== Segment start ==

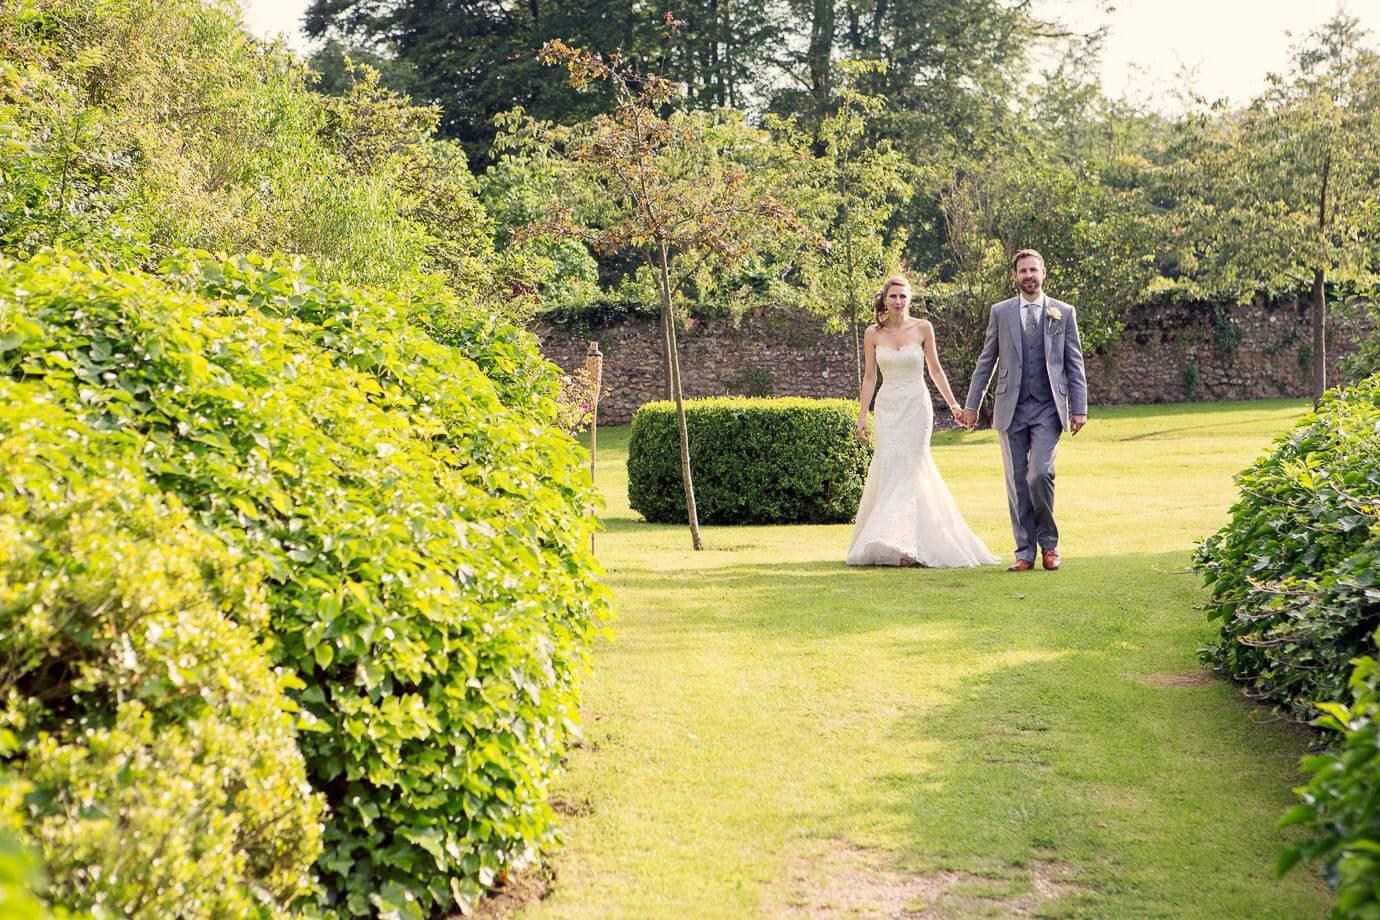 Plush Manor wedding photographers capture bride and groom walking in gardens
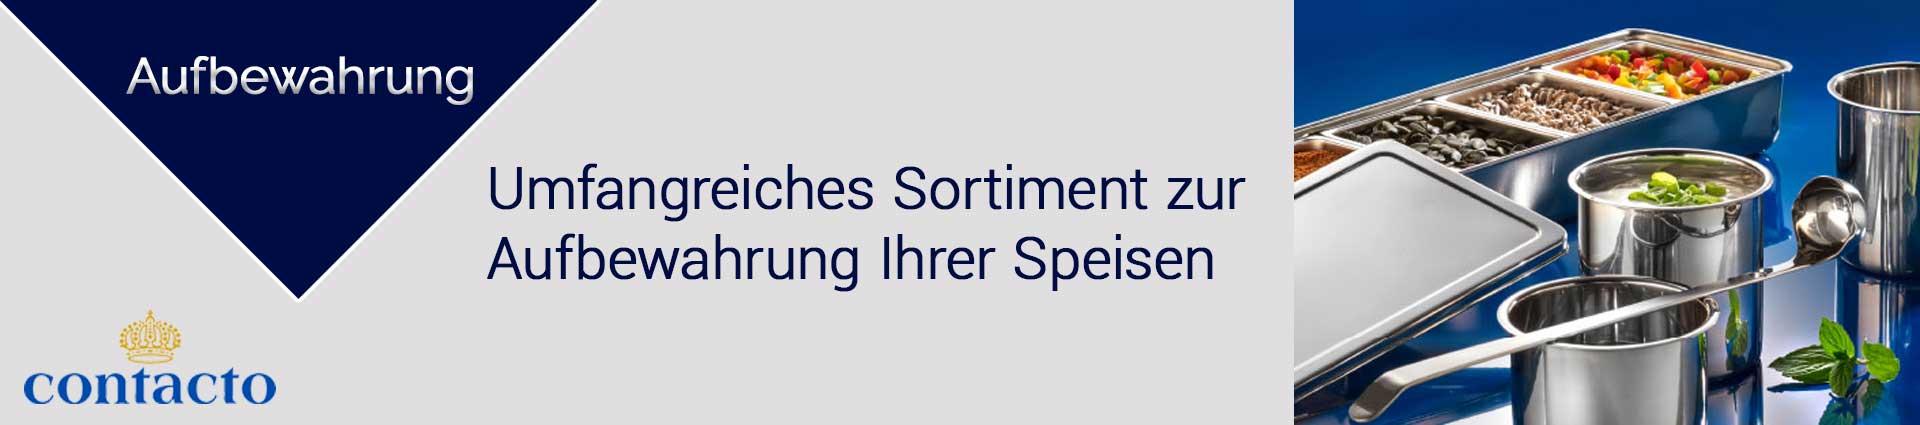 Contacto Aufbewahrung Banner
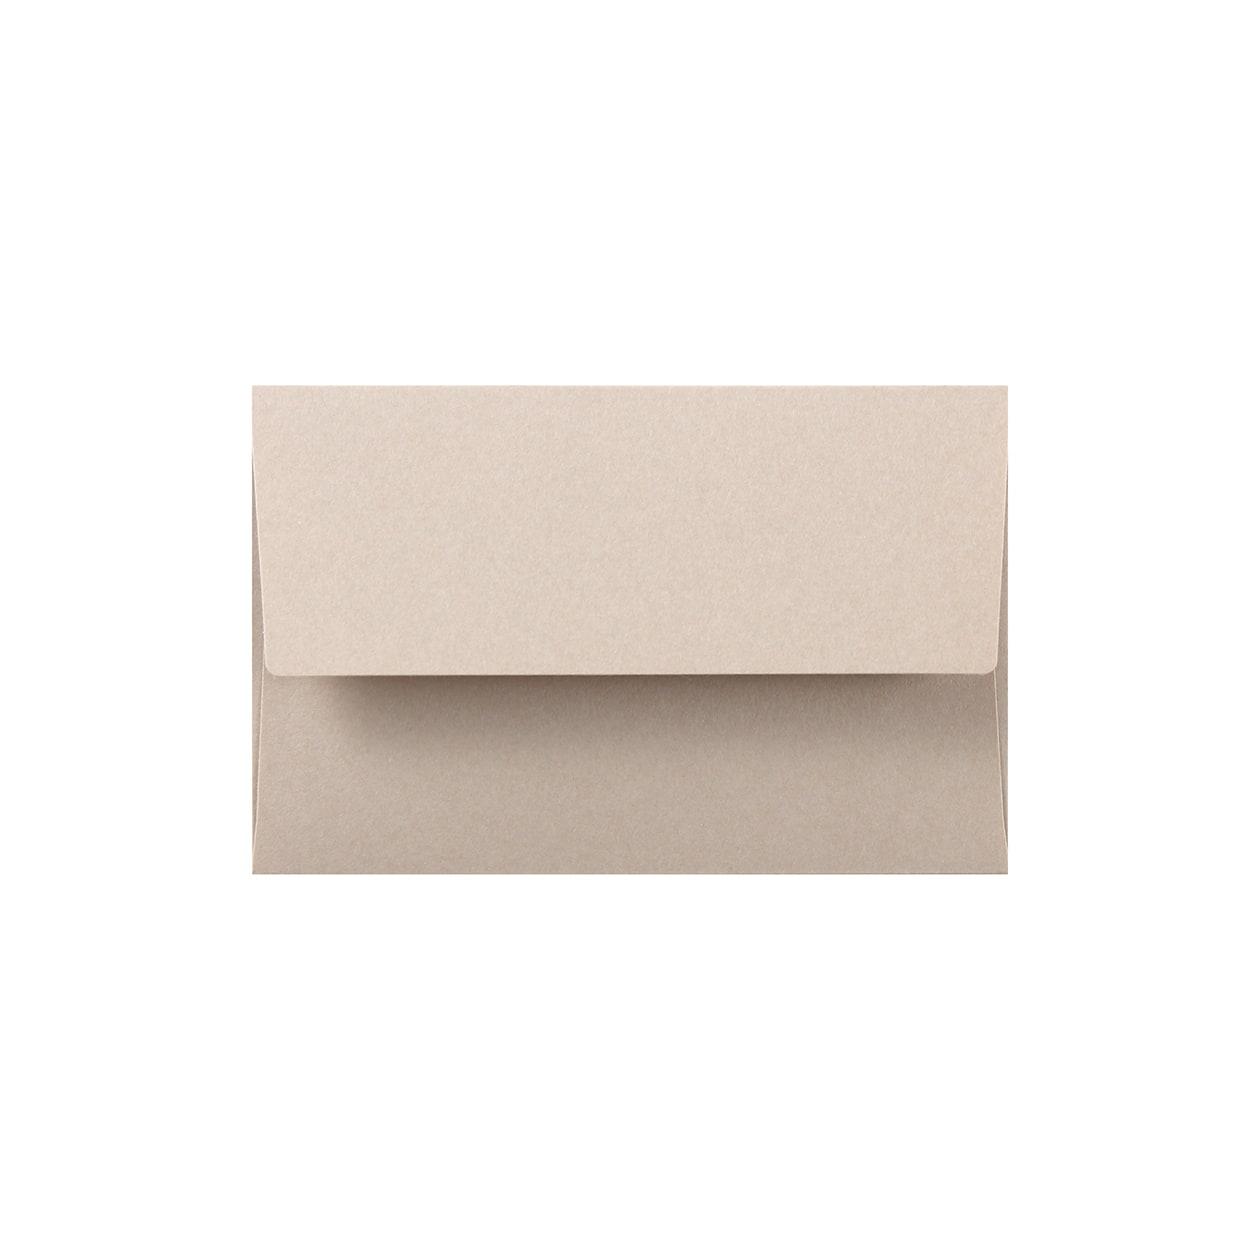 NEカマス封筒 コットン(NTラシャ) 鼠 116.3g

== Segment end ==
== Segment start ==

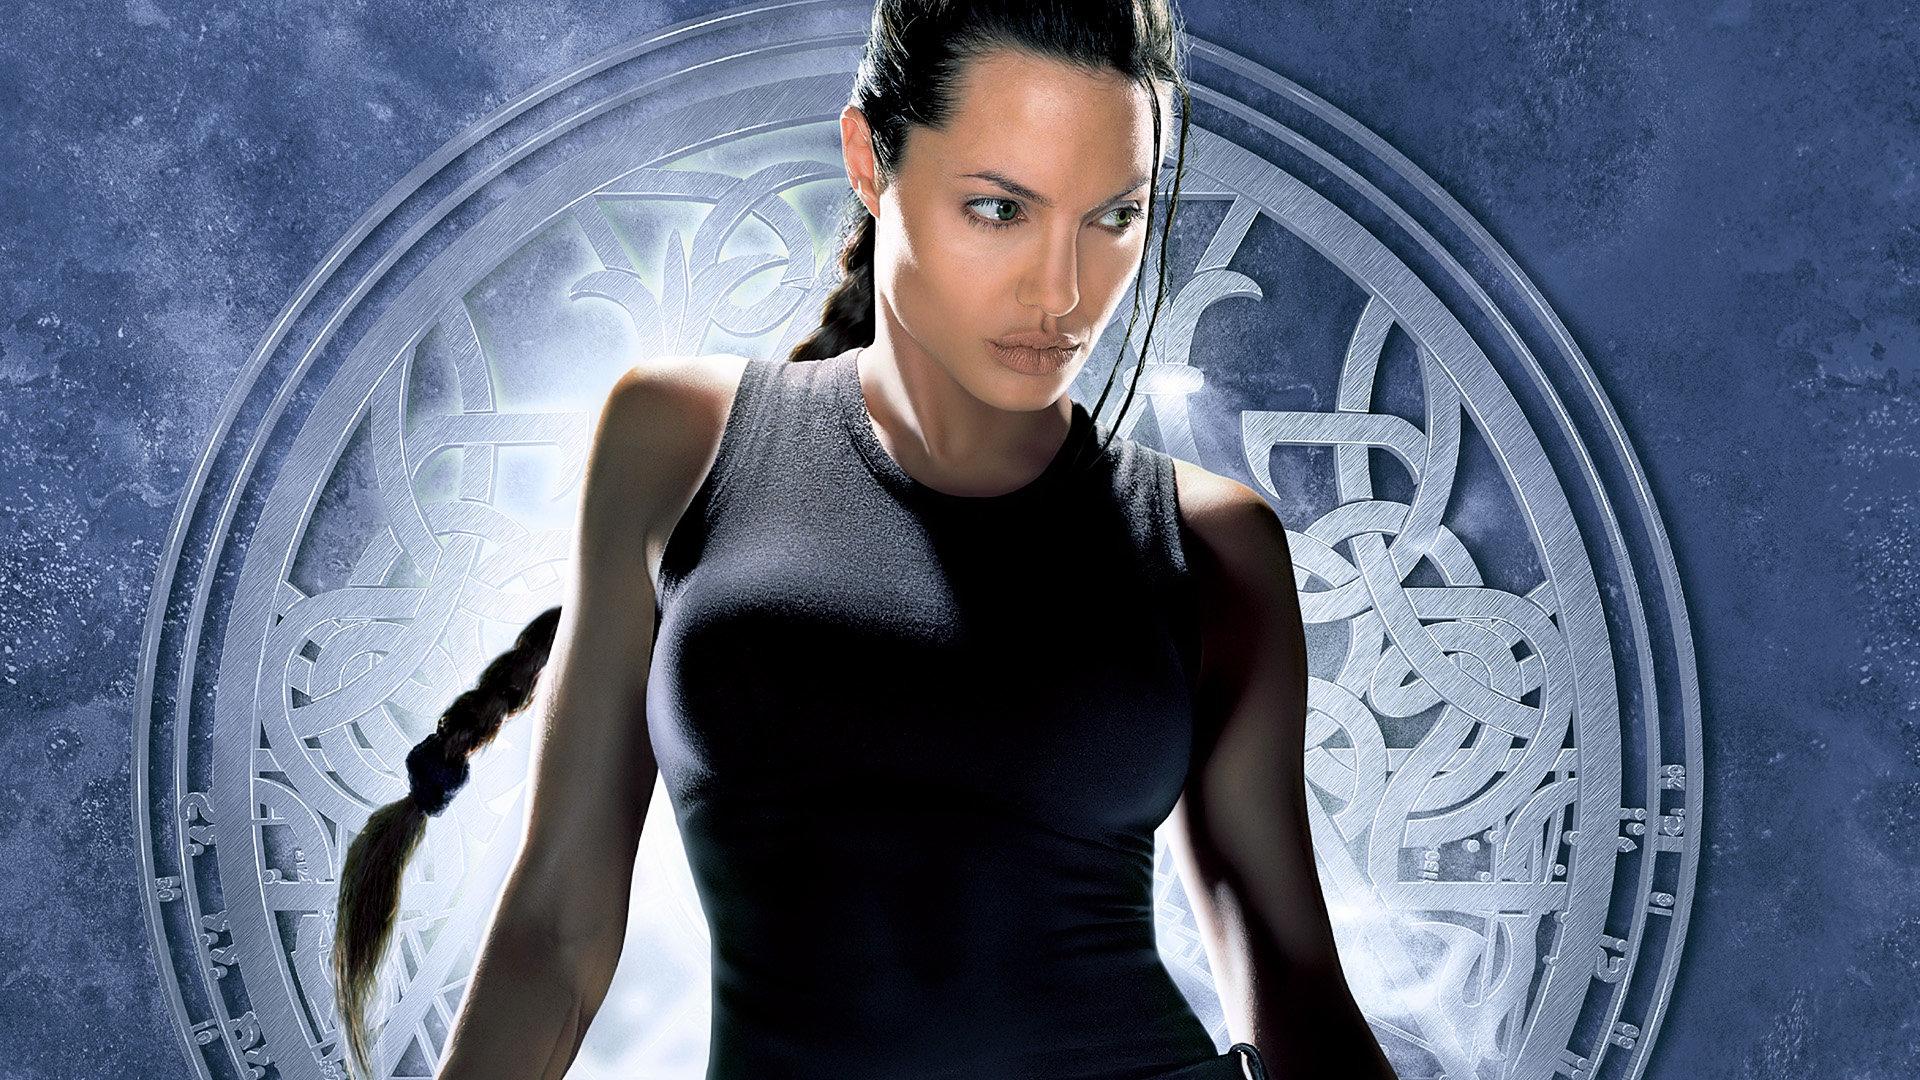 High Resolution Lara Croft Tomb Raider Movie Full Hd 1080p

== Segment end ==
== Segment start ==

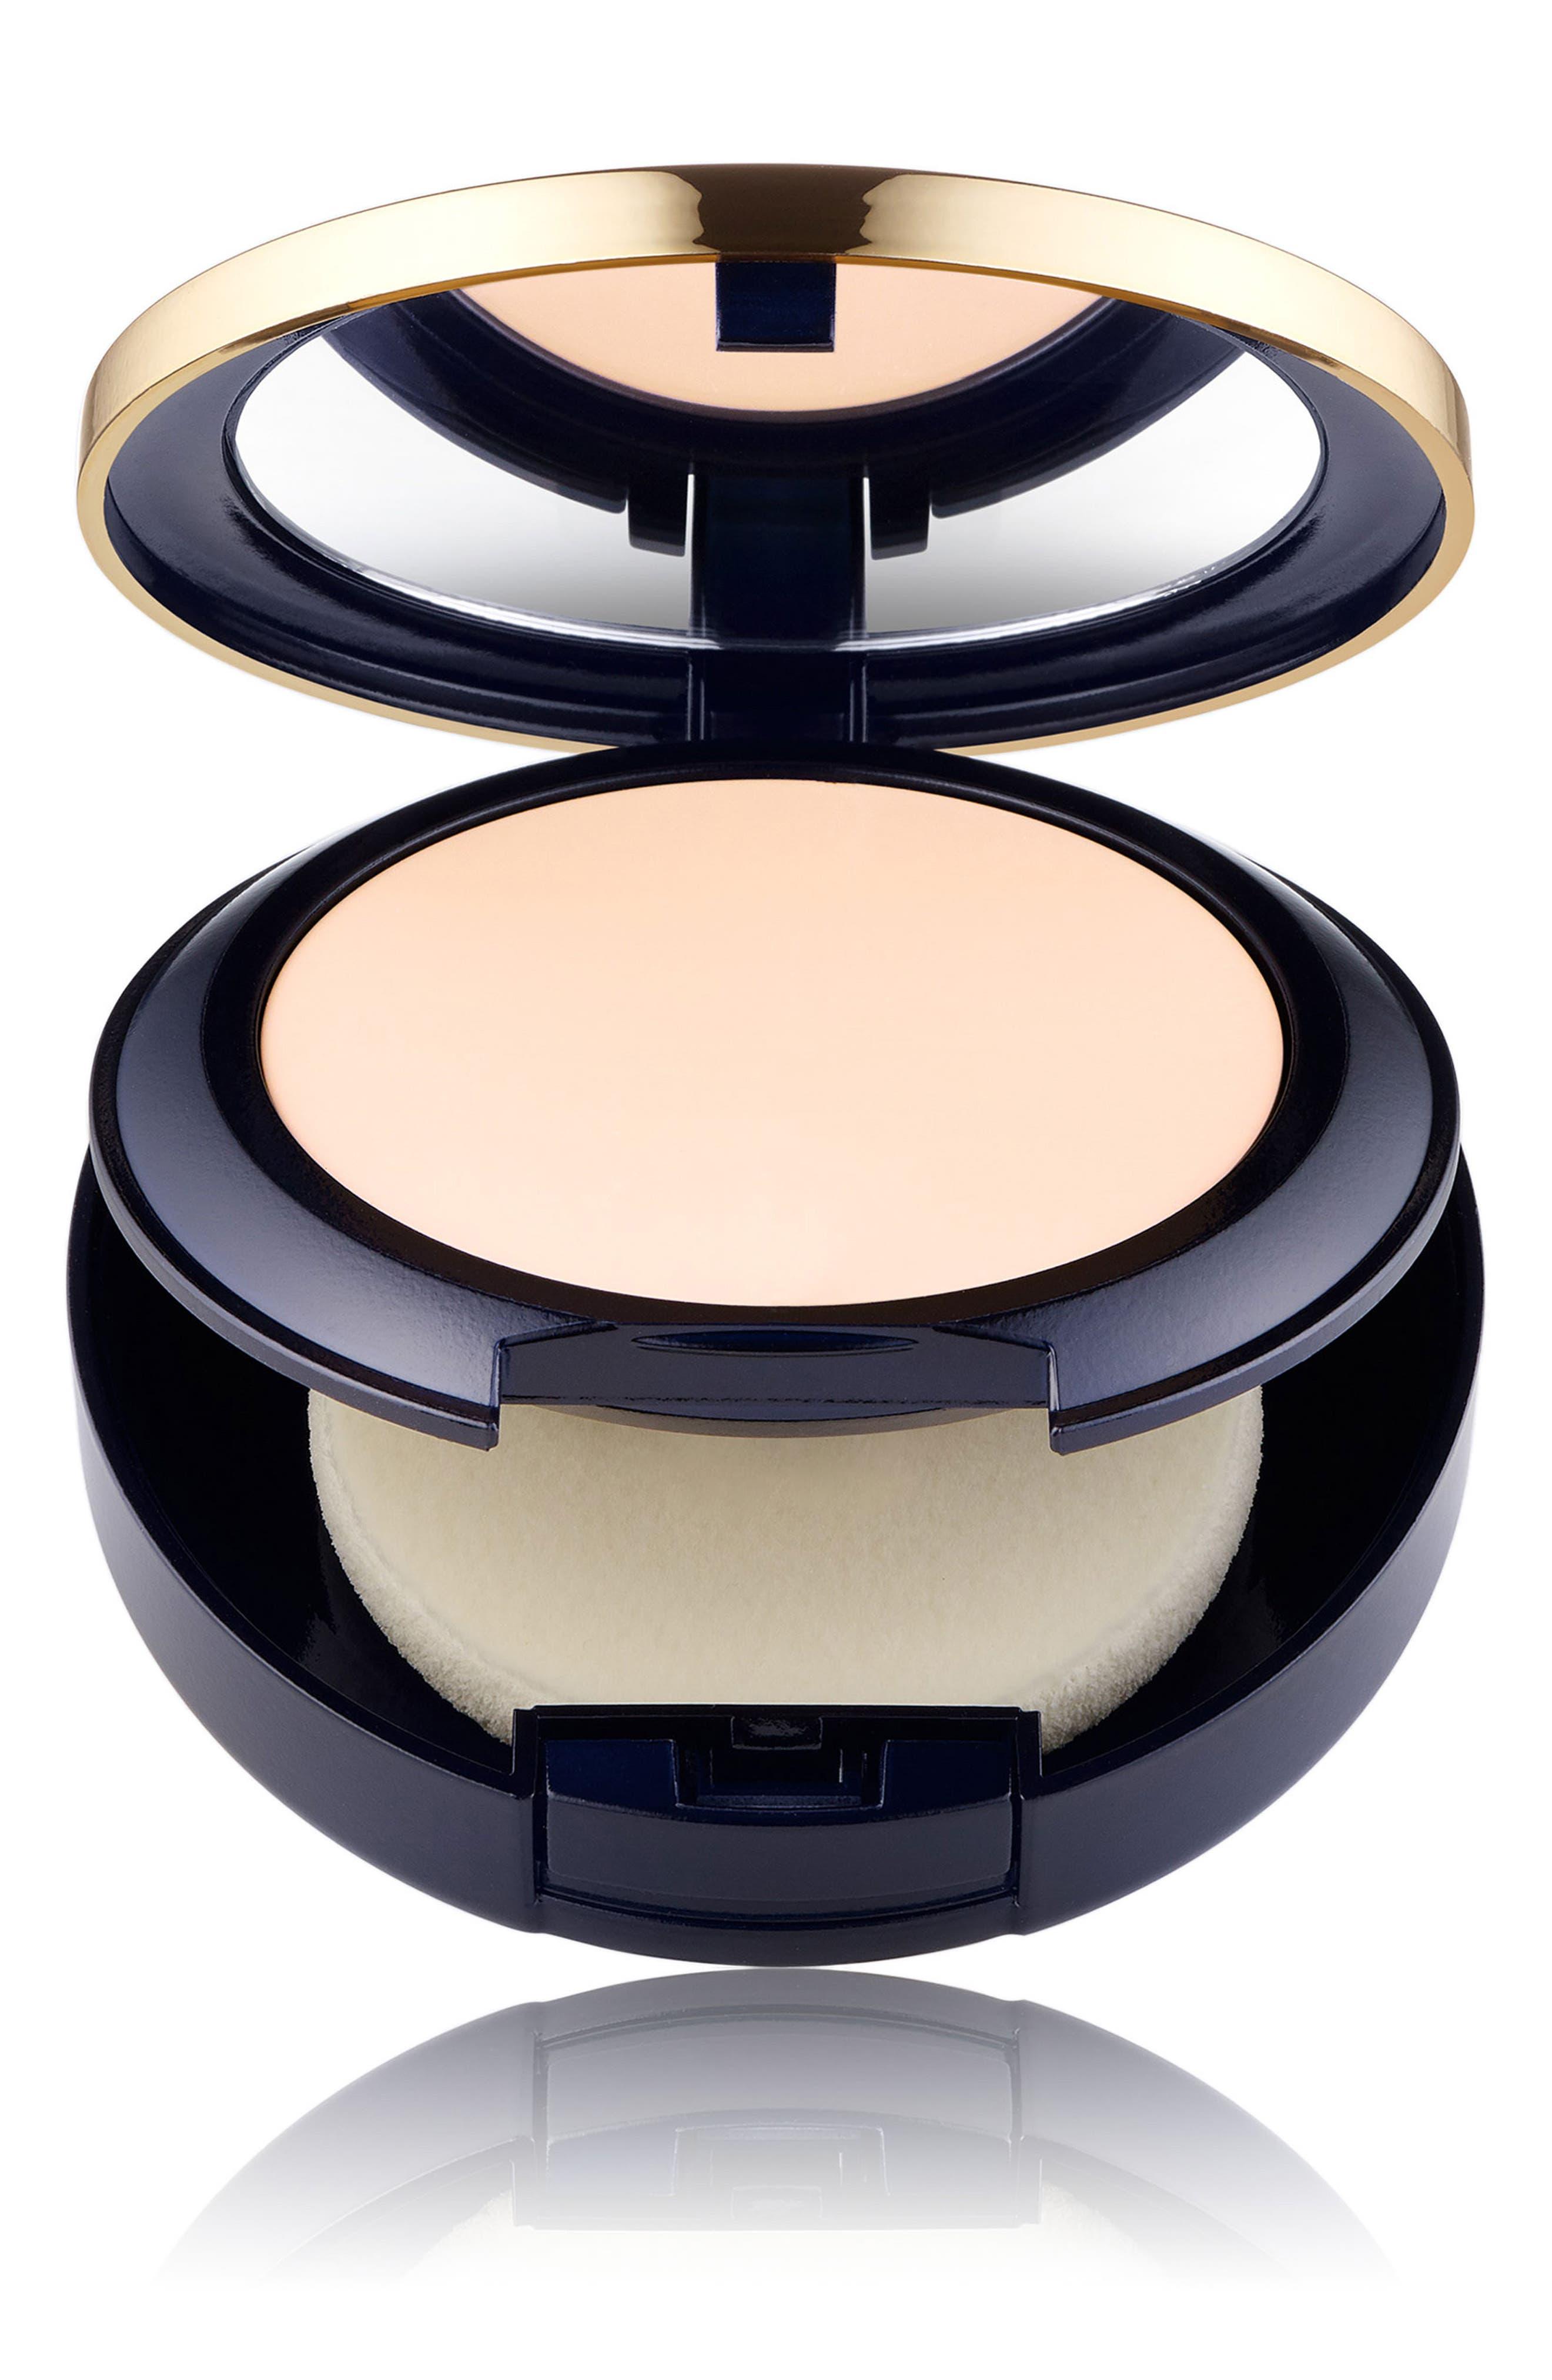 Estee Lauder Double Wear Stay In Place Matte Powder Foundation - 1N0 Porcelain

== Segment end ==

_EXERCISE INSTRUCTIONS_
Give back the exact lines above, running from the one that has "Plush Manor wedding" through the one that has "NEカマス封筒 コットン(NTラシャ) 鼠 116.3g", with nothing added and no pictures.

_EXERCISE RESULT_
 Plush Manor wedding photographers capture bride and groom walking in gardens
 Contacto Aufbewahrung Banner
 NEカマス封筒 コットン(NTラシャ) 鼠 116.3g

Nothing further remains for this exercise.